— Скоро? — удивился царь. — Как скоро?
— Э-э-э… Ну… Месяца через четыре. Кхе-кхе…
[1] 22 октября.
Глава 16
С именем жены мне, не повезло. Как я не рассматривал варианты «детских» имён Евдокии, ни одно из них не нравилось и слетая с моих губ, вызывало у меня гримасу отвращения. Все эти: Авдотья, Евдокея, Евдокиюшка, Евдя, Евдоня, Доня, Дона, Доняха, Доняша, Евдося, Дося, Евдоха, Евдоша, Доша, Евдуня, Дуня, Дуняра, Дунятка, Дуняха, Дуняша, Евдуша, Душа, Авдотьюшка, Авдотька, Авдоня, Авдоха, Авдоша, Авдуля, Авдуся, Дуся — воротило меня. Наконец, я выбрал формой обращения к жене «Душа моя», а в обиходе — Доня, Доняша. Тем паче, что имя реки «Дон», для меня значило много.
И с «помощницей» у меня не особо получалось. Во время нашего путешествия я попытался настроить супругу на «рабочую волну», но понимания не получил. Не понимала она, зачем ей заниматься хозяйством, когда есть управляющие и наложницы. Не интересовала её и политика, или даже простые встречи с посторонними мужчинами.
Доня откровенно зевала на моих «совещаниях», а мои голландцы смущались и сбивались с темы обсуждения. В конце концов, я перестал её мучить. и жена занялась обычным делом принцесс и царских жён — вышивкой и шитьём мне рубашек и штанов с трусами.
Она набрала себе во «двор» товарок и они отлично проводили время либо во дворце, либо в саду. Царь не съехал из дворца и продолжал занимать с семьёй правое крыло дворца.

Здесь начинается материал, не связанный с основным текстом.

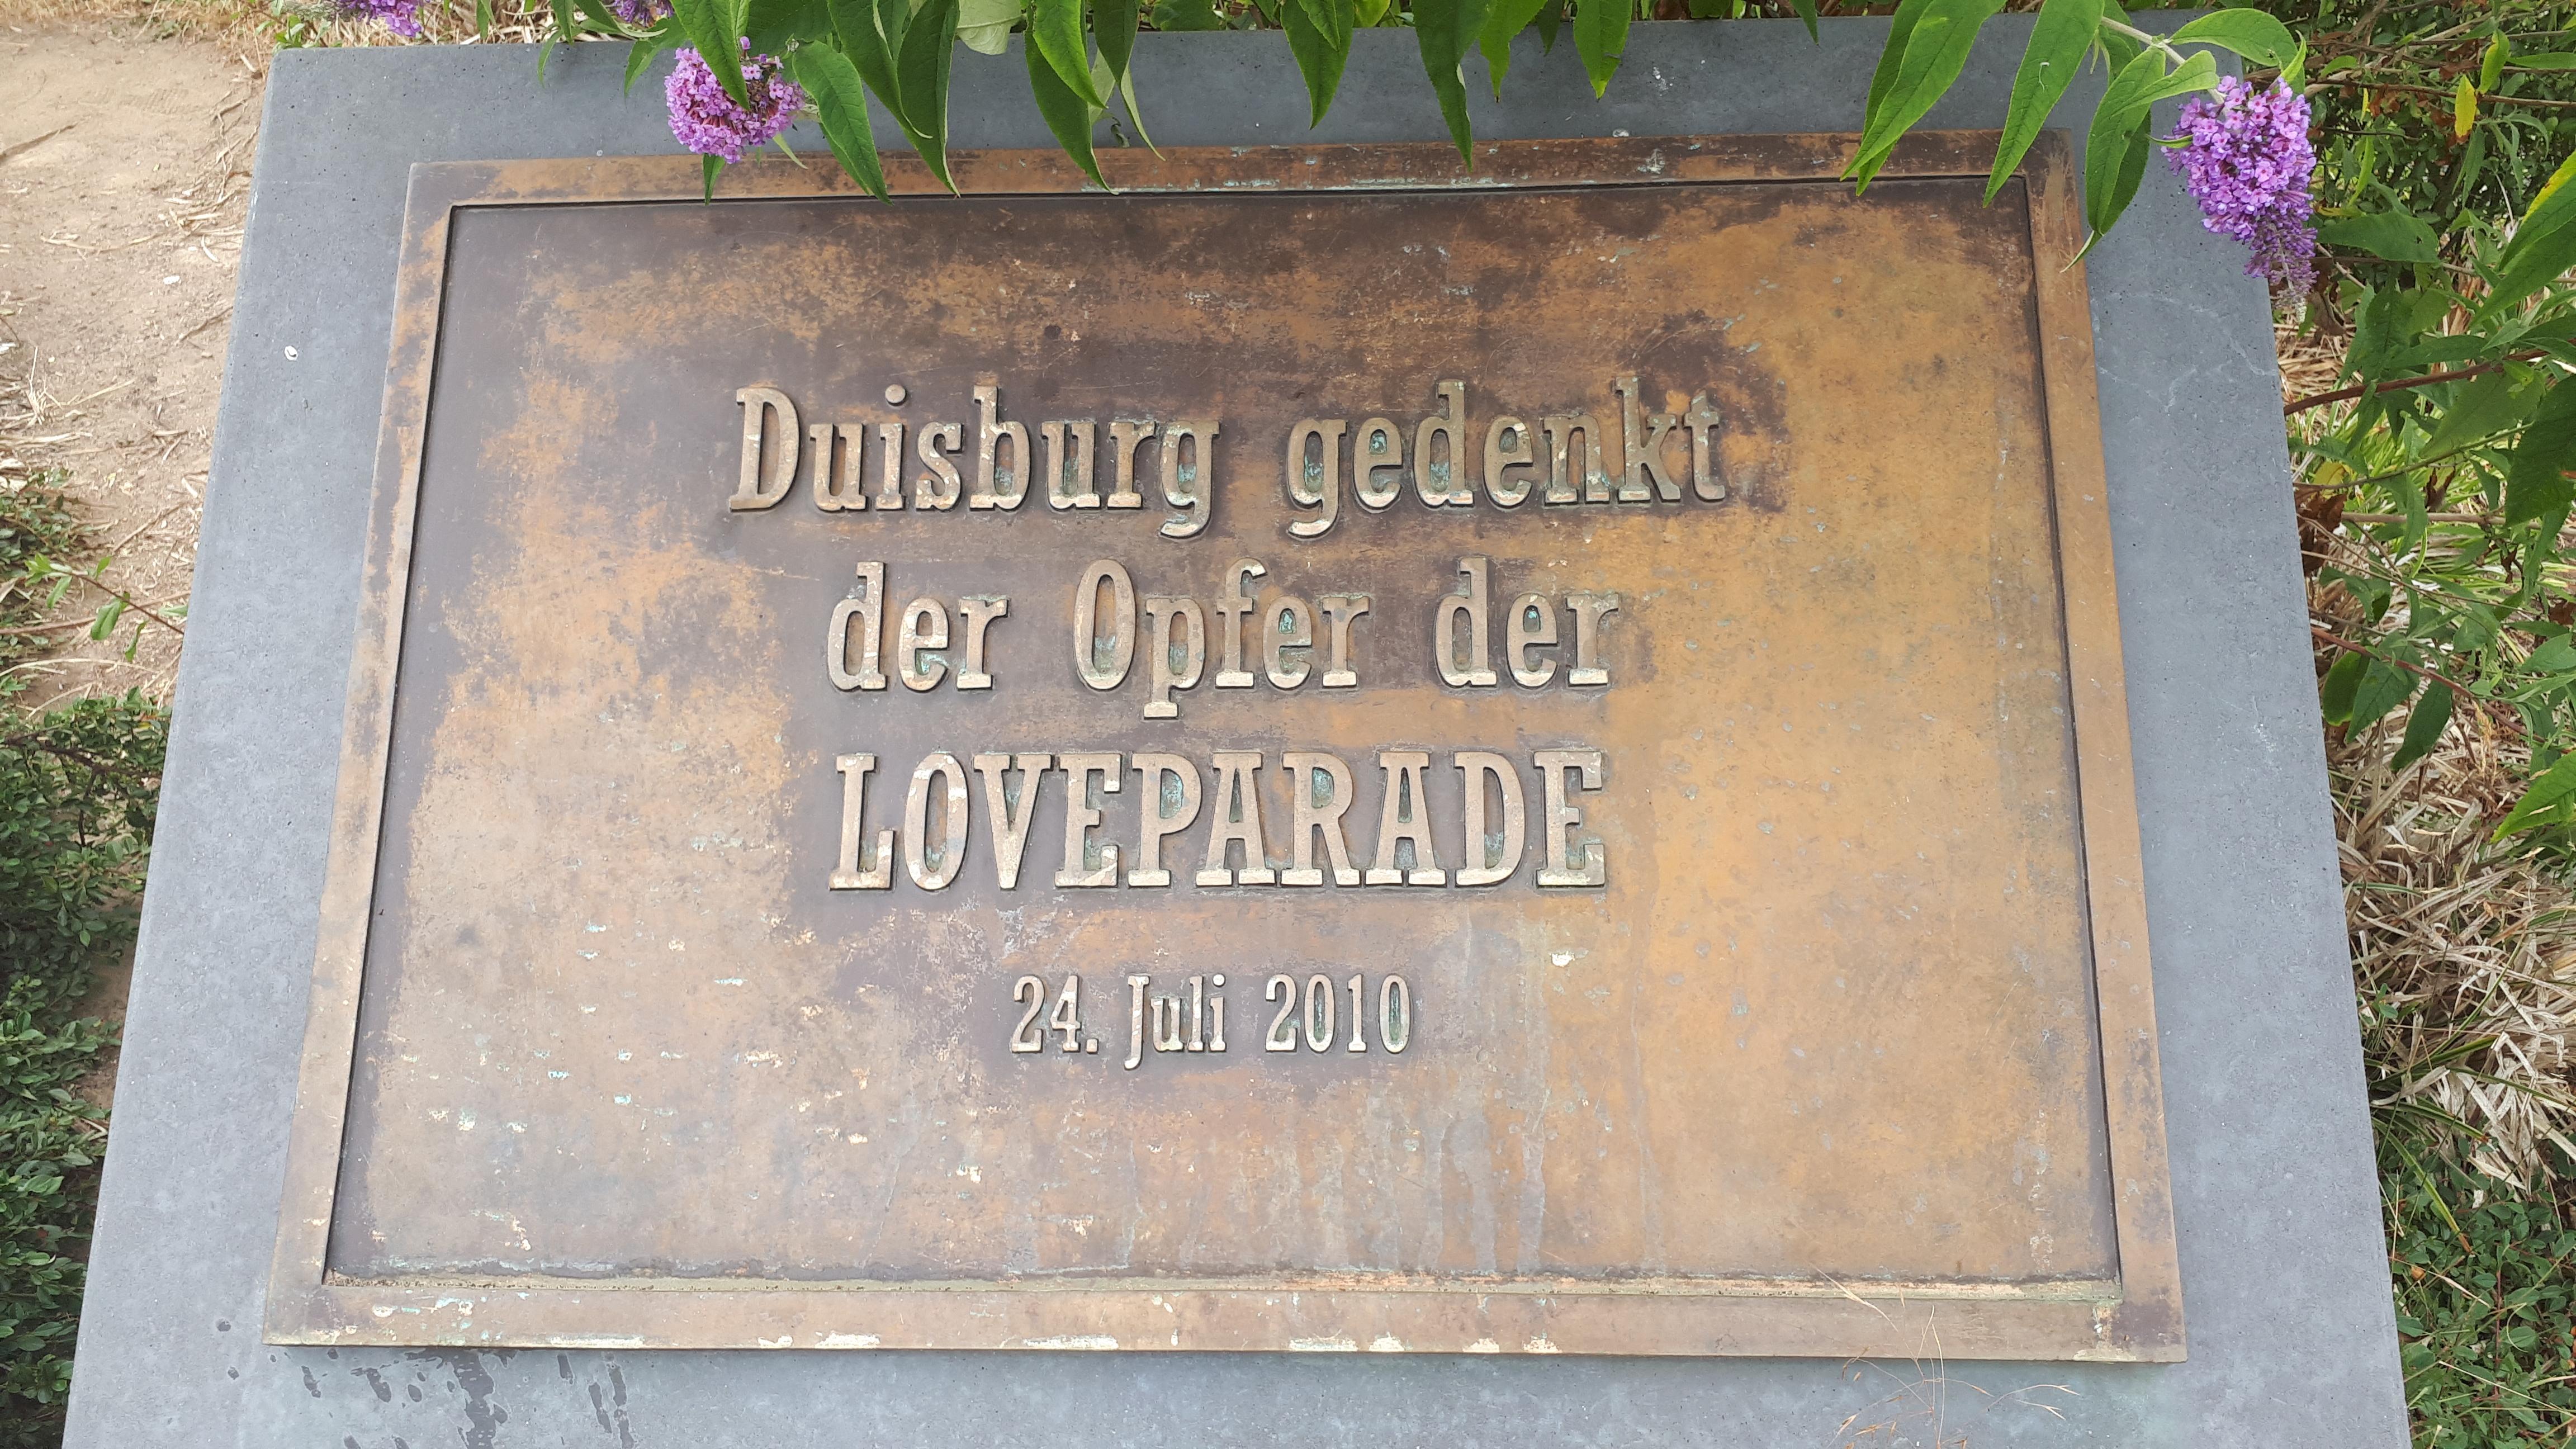 9 Jahre Loveparade-Katastrophe: Wie steht es um die Aufarbeitung?

Более того, если раньше царица и дети переезжали вслед за государем из дворца в дворец, то теперь они сразу после нашего возвращения в Москву переехали в Измайлово и, суда по всему, никуда переезжать не собирались.
Во дворце было шумно, а я отвык от многолюдности и детского ора. Государь, видимо, тоже уставал от детской непосредственности своих отпрысков, коих было очень много, и при их отсутствии в Кремлёвском дворце, чувствовал себя превосходно.
У меня разом возникло восемь братьев и сестёр. Старшей Марфе было четырнадцать, а младшему Ивану — восемь месяцев. Плодовит, ха-ха, плодовит был Алексей Михайлович… Любил он это дело… Да-а-а…
Так вот, моей супруге было удобно, привычно, и весело, так как она получила от меня свободу действий и пользовалась ею в полной мере, а я в этом московском бедламе чувствовал себя тем самым управляющим Измайловской крепости, каким был двадцать лет назад. И это сильно раздражало.
К тому же Евдокия совсем не горела желанием куда-то переезжать, тем более на какую-то Ахтубу. Да-а-а… И я к июню пришёл к решению, что надо «рвать когти», пока не «повязали». Даже приближение рождения ребёнка меня не удержало и я, снарядив в Ярославле торговый караван, в июле отплыл вниз по Волге-реке.
— Всё-таки решил ехать? — Спросил он, когда я сообщил Алексею о своём решении.
— Если отпустишь, государь. Там столько дел… Всё развалится без меня. Я же знаю. Стоит только где-то задержаться чуть дольше, чем на три месяца, в противоположном месте начинаются разброд и шатания. Начинается с пьянок и кончается пожарами и погромами.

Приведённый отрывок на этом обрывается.